Double-Thymidine Block protocol

Dan Levy's Lab 2018

Michal Feldman

Double-Thymidine Block protocol

This protocol is used for synchronizing cells to G1/S phase. Using two steps of thymidine blockage is useful for maintaining cells synchronized for 3 following cycles.

Reagents:

Standard Cell Culture Media (example: DMEM + 10% FBS)

50 mM Thymidine blocking solution (in PBSx1)

Sterile PBS or serum free media

Procedure

1. Grow cells in culture in standard media to approximately 40% confluency.

2. After the cell adhere, add 40ul of Thymidine blocking solution (final concencetration 2mM) for each 1ml of culture media.

3. Incubate culture for 16 hours.

4. Remove the media and wash culture 2x with sterile PBS.

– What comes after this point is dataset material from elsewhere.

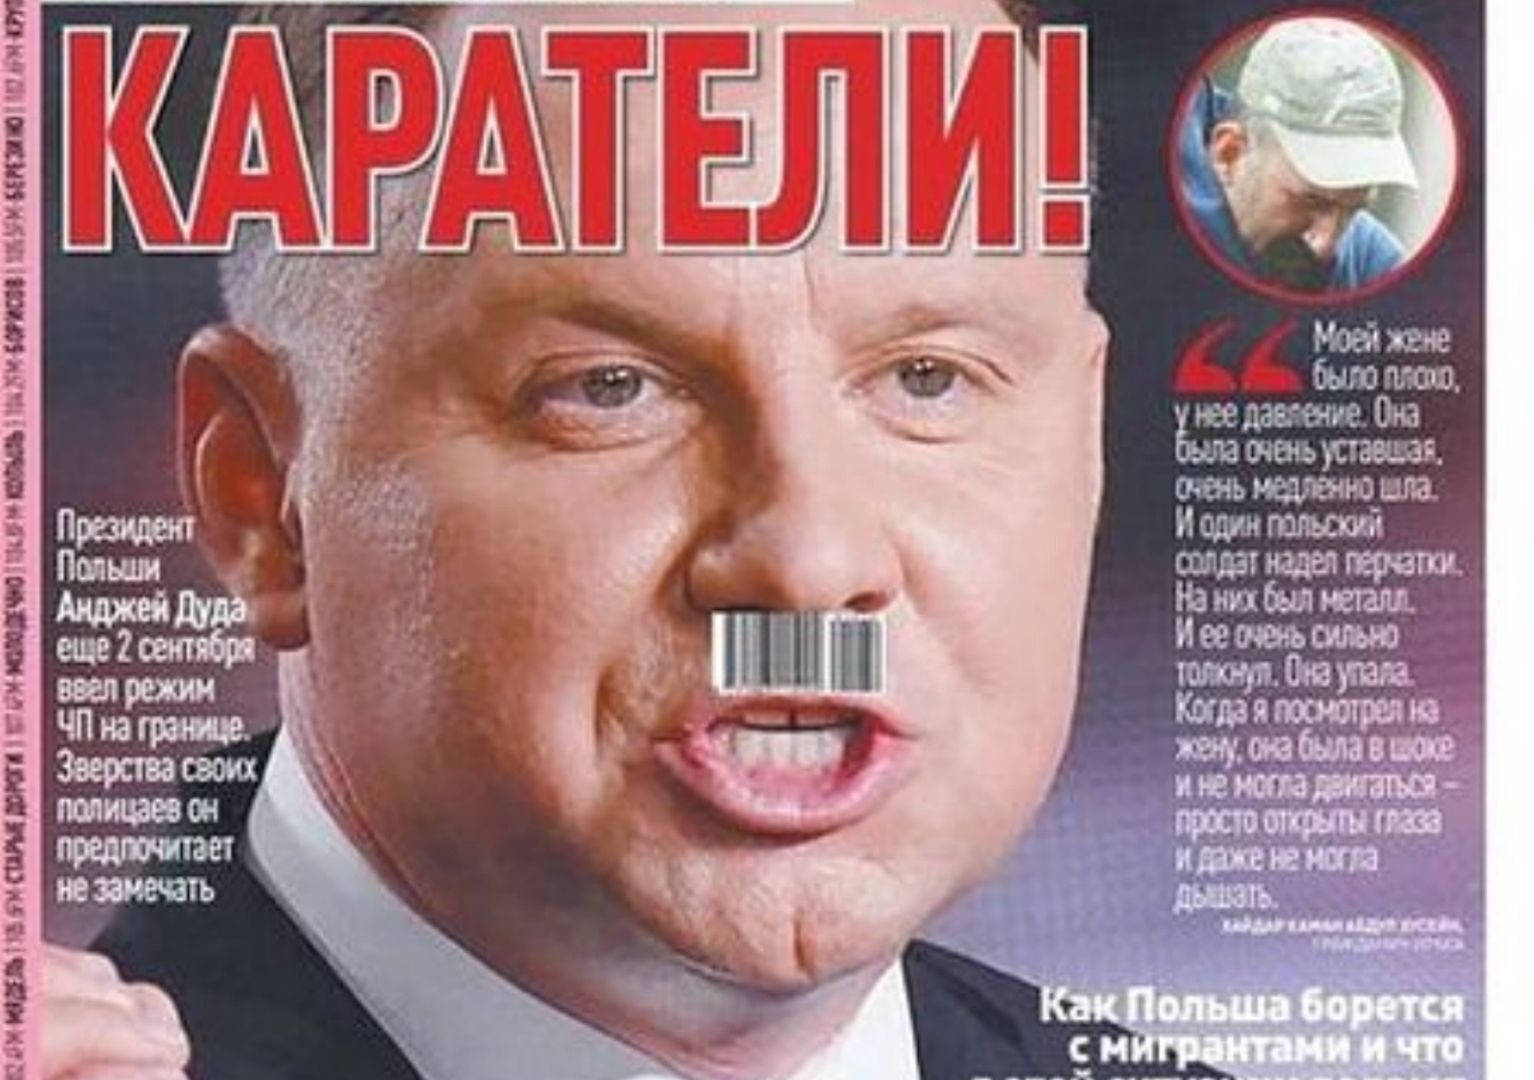 Skandaliczna okładka białoruskiego dziennika. Jest reakcja Kancelarii Prezydenta

5. Add fresh cell culture media (containing serum) and incubate for 9 hours.

6. Again add 40ul of Thymidine blocking solution for each 1ml of culture media.

7. Incubate for an additional 14 hours.

8. Remove the media and wash culture 2x with sterile PBS.

9. Add fresh culture media.

10. At this point, cells will be at G1/S phase and are ready to be released into cycle over the next 15-20 hours.

11. The cell cycle position of the cells can be validated by propidium iodide staining and flow cytometry, or by Western Blot, using appropriate markers.